▶ Exercise details:
Please reproduce all the data exactly as written and omit the pictures.

▶ Exercise data:
Content starts

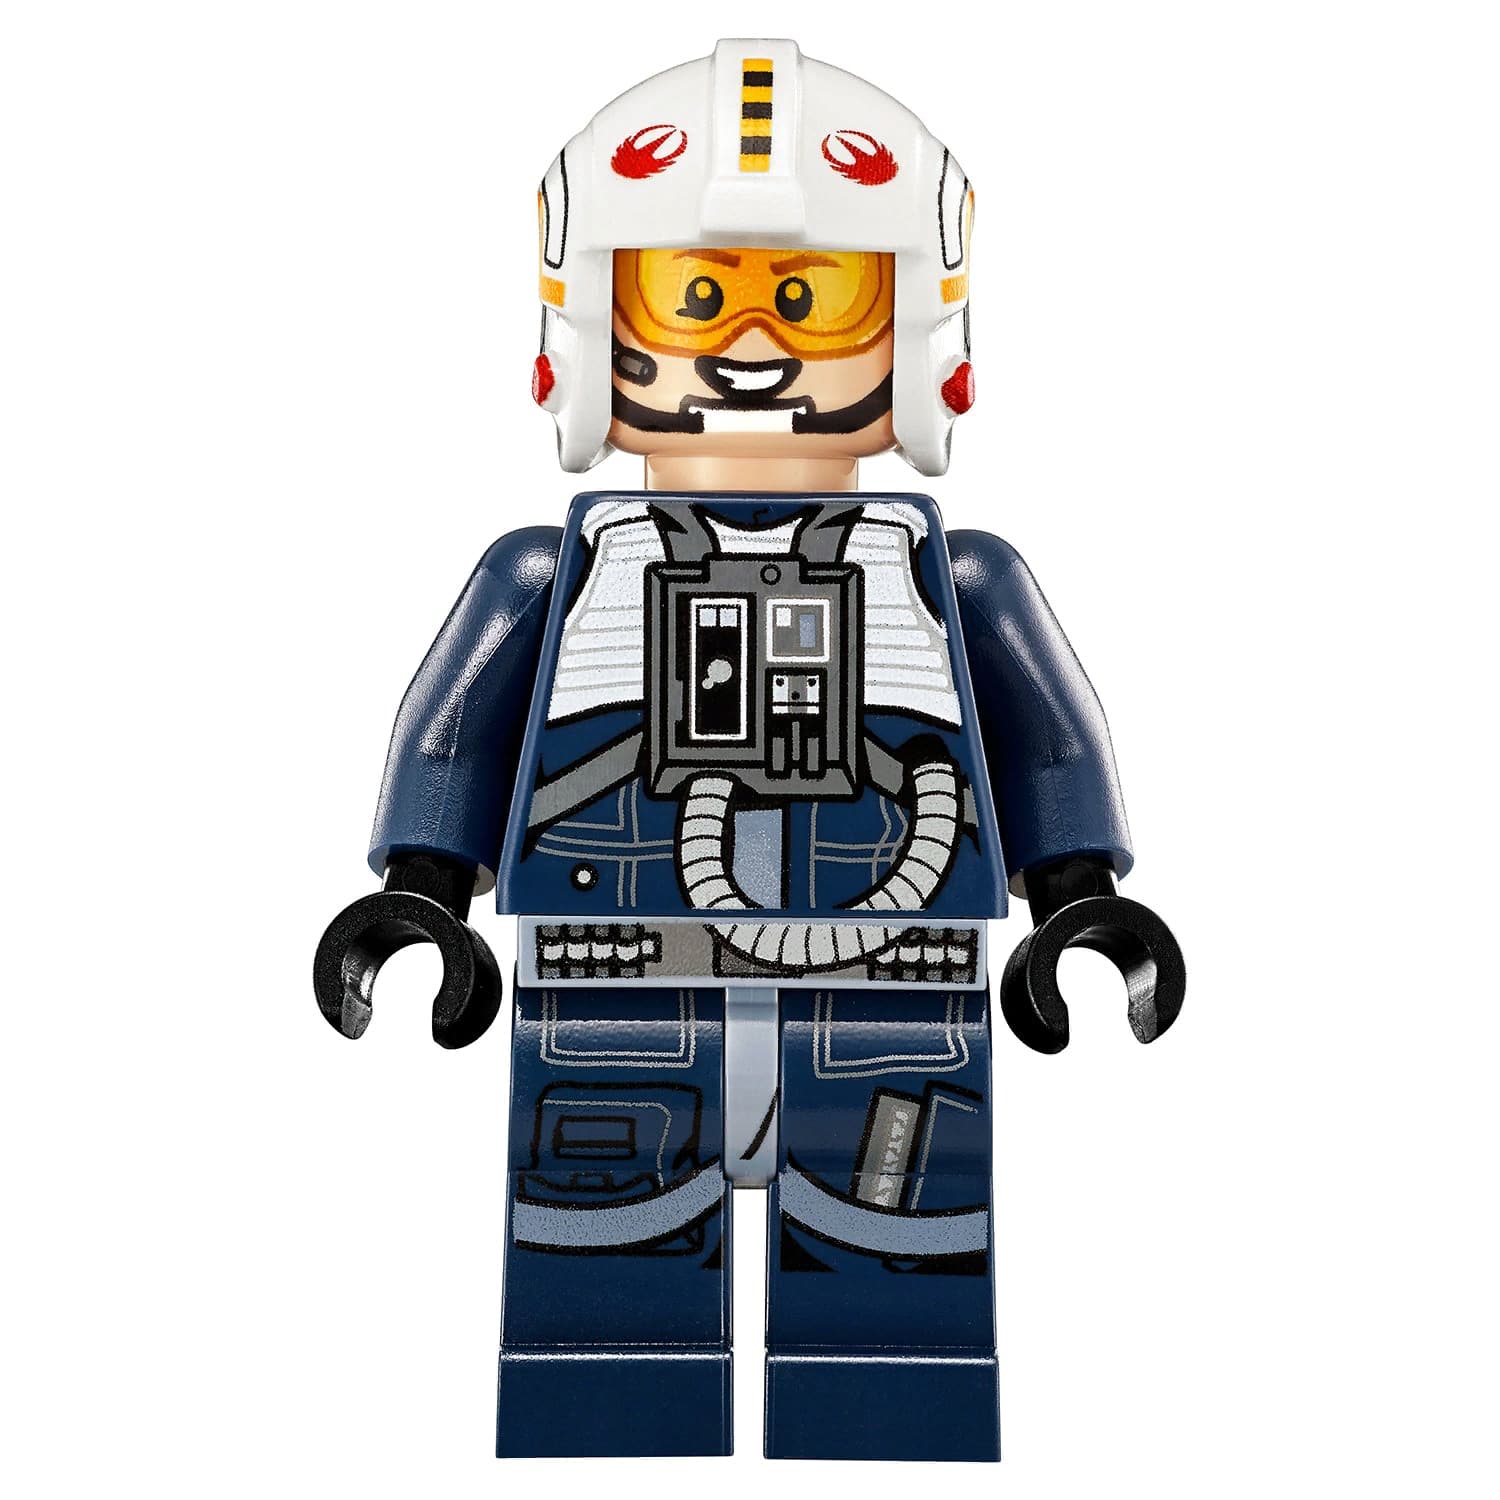 Конструктор LEGO Star Wars Микроистребитель типа Y 75162
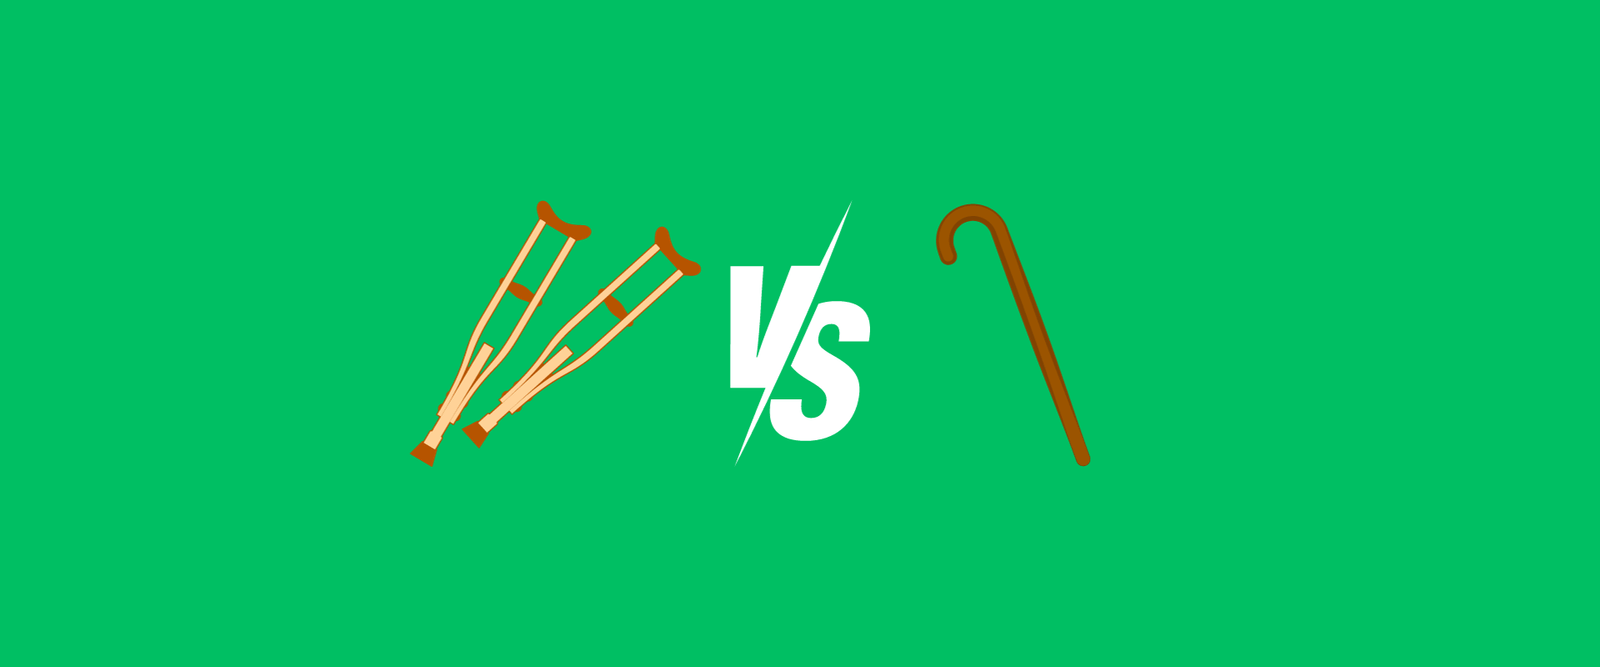 Crutches vs Walking Sticks
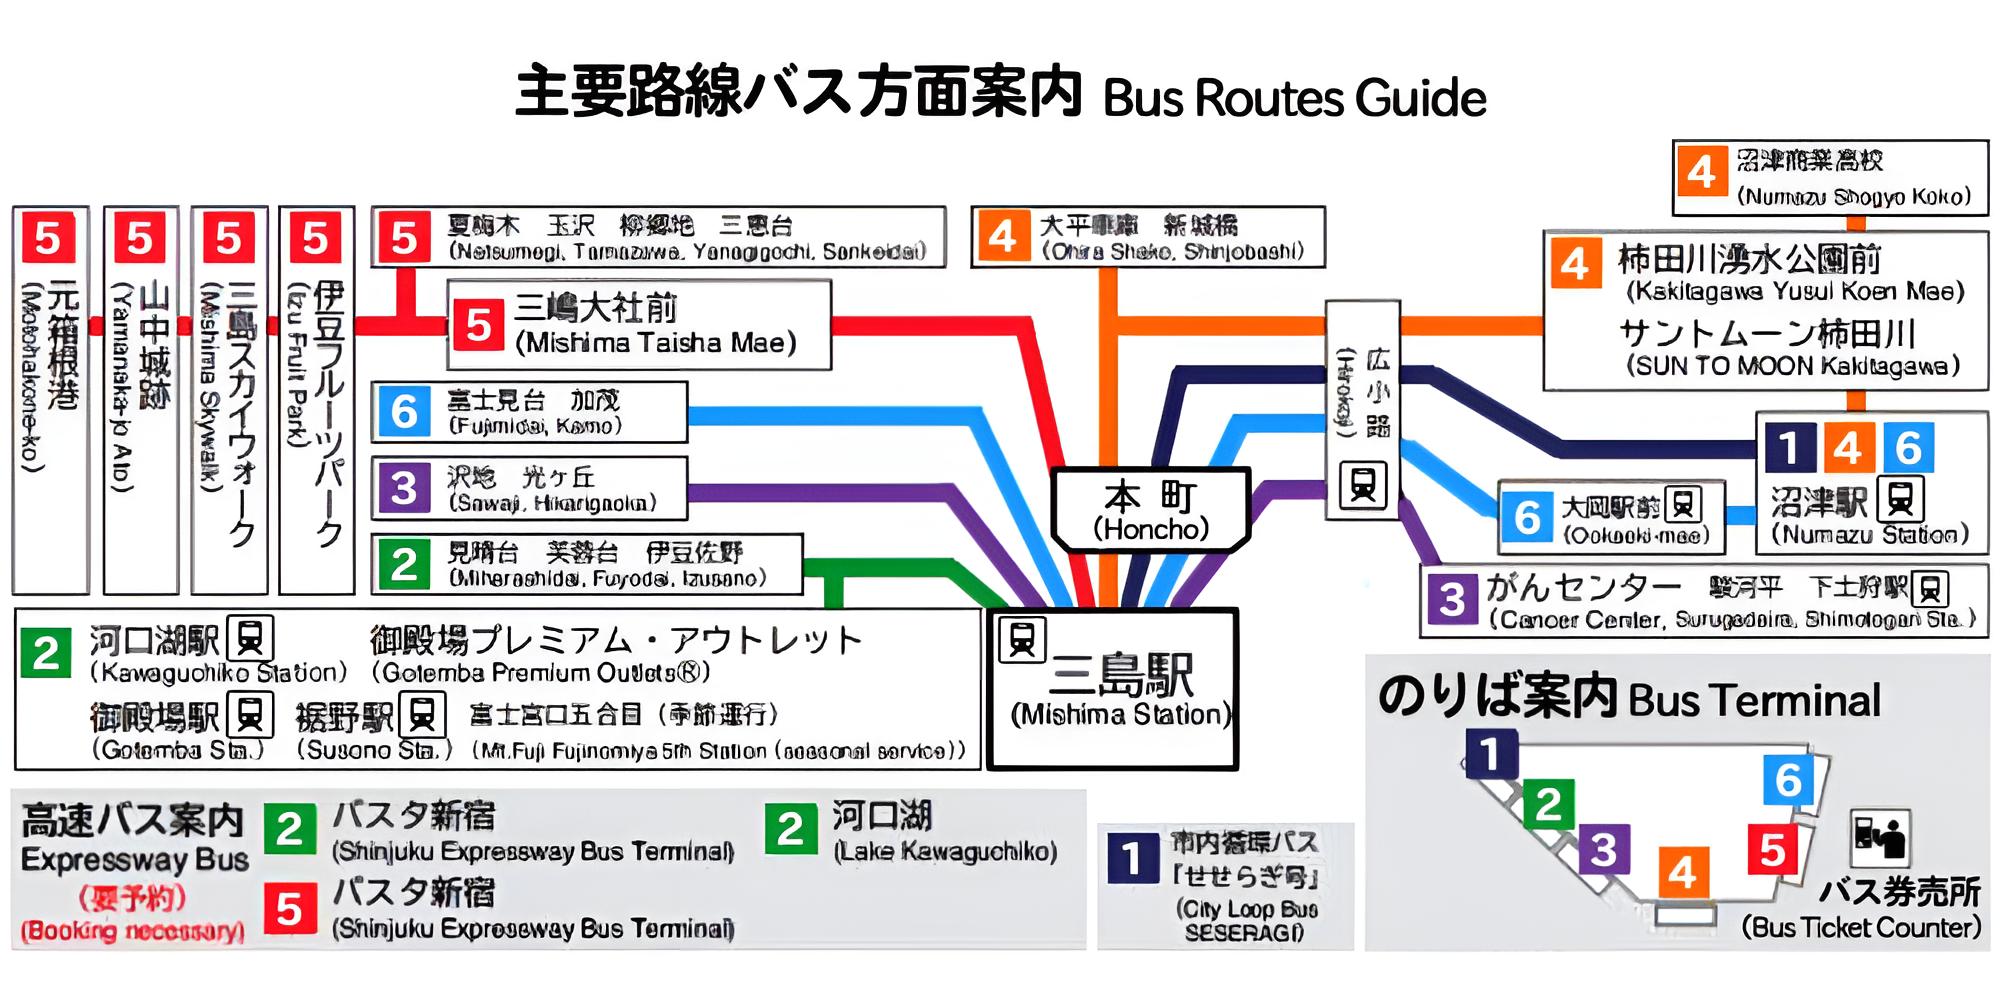 三島駅南口バスターミナル乗り場案内図・主要路線バス方面案内図

Content ends

▶ Answer to the exercise:
 Конструктор LEGO Star Wars Микроистребитель типа Y 75162
 Crutches vs Walking Sticks
 三島駅南口バスターミナル乗り場案内図・主要路線バス方面案内図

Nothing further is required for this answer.